The HACEK acronym denotes species from the genera Haemophilus, Aggregatibacter, Cardiobacterium, Eikenella, and Kingella that have been implicated in up to 3% of all cases of infective endocarditis. These pathogens typically produce infection in individuals with prosthetic heart valves or other underlying heart disease. These species are part of the microbiota of the oral cavity and upper respiratory tract in humans, and tend to produce syndromes that are insidious in onset and challenging to diagnose. Treatment with third-generation cephalosporins produces a favorable outcome in 80% to 90% of cases.

OTHER GRAM-NEGATIVE RODS

There are many other gram-negative rods that rarely cause disease in humans. Some are members of the resident flora, and others come from the environment. Because many of these do not ferment carbohydrates or react in many of the tests routinely used to characterize bacteria, their identification is frequently delayed while additional tests are tried or the organism is sent to a reference laboratory. The clinical significance of all these organisms is essentially the same. The clinician usually receives report of a “nonfermenter” or another descriptive term and a susceptibility test result, and the significance of the isolate must then be determined on clinical grounds. The major characteristics of some of these organisms are shown in Table 35–1. The types of infection listed represent the most common among scattered case reports and should not be interpreted as typical for each organism.

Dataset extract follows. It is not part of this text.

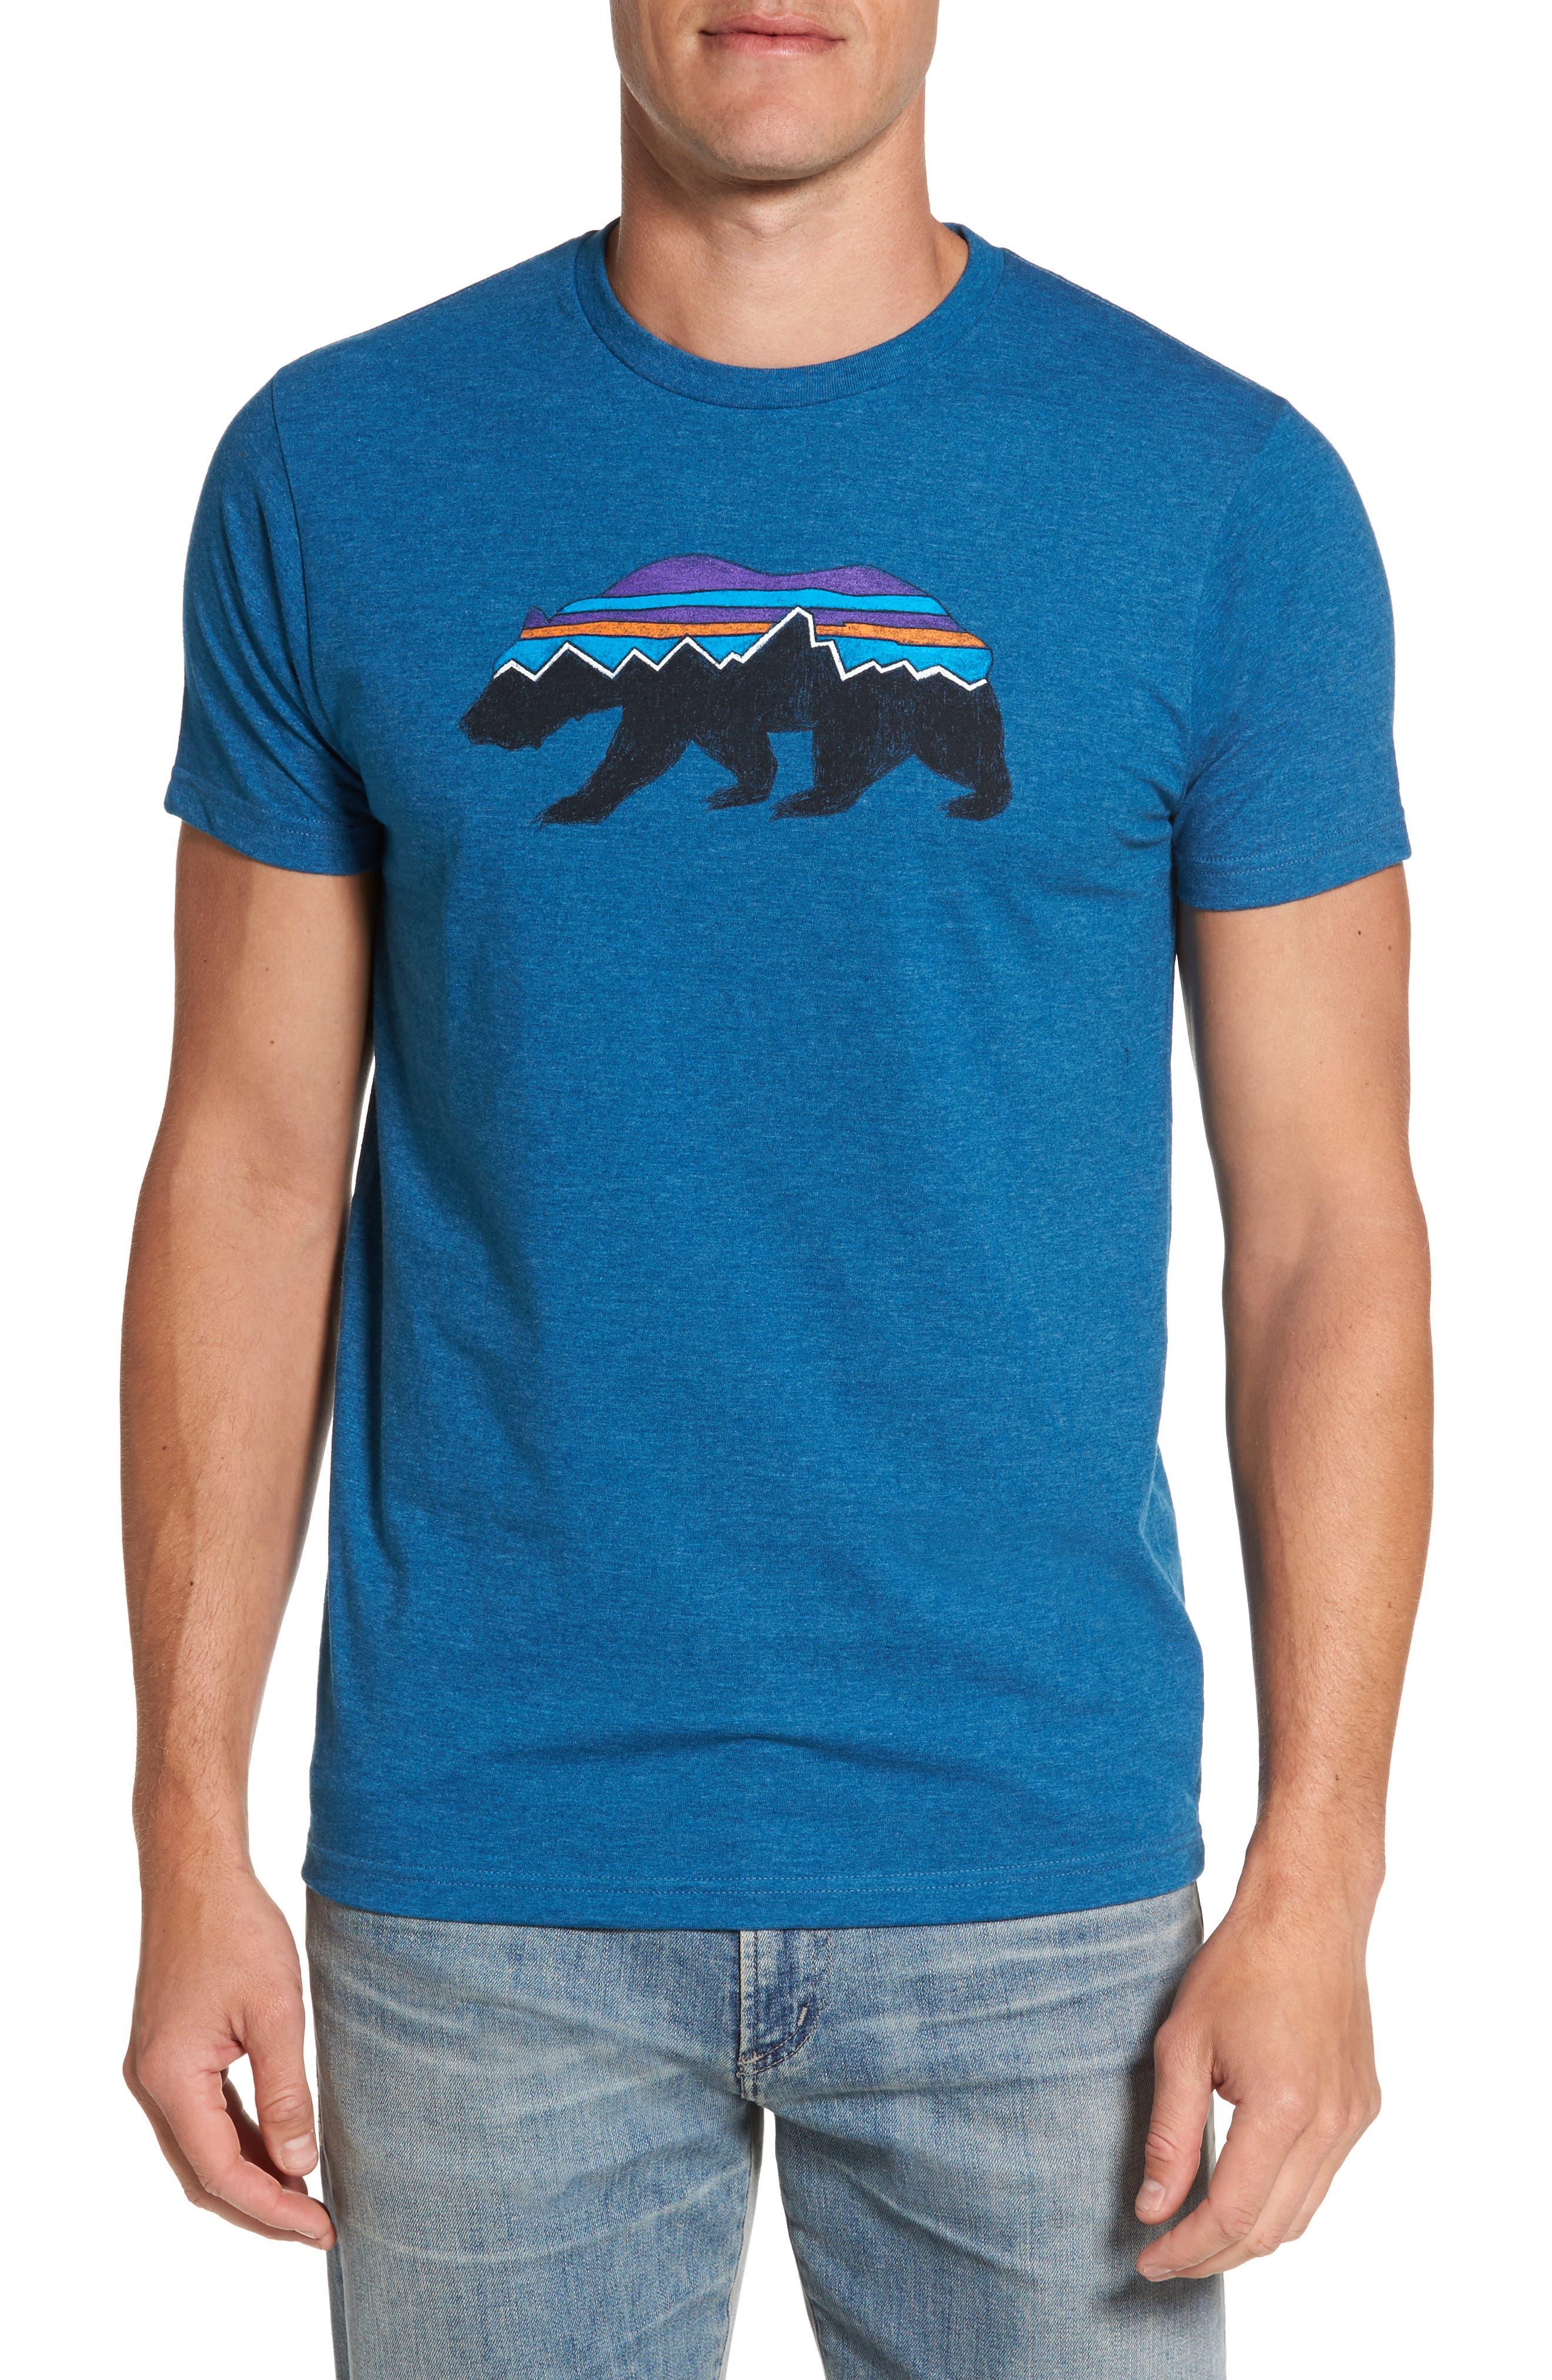 Patagonia Fitzroy Bear Graphic T-Shirt

Some gram-negative bacilli fail to conform to any of the species currently recognized. If clinically important, such strains are sent to reference centers, such as the Centers for Disease Control and Prevention (CDC) in Atlanta, Georgia. Eventually, some are given designations such as “CDC group IIF,” which may appear in clinical reports. Much later, a new genus and/or species name may be issued if agreement among taxonomists is sufficient.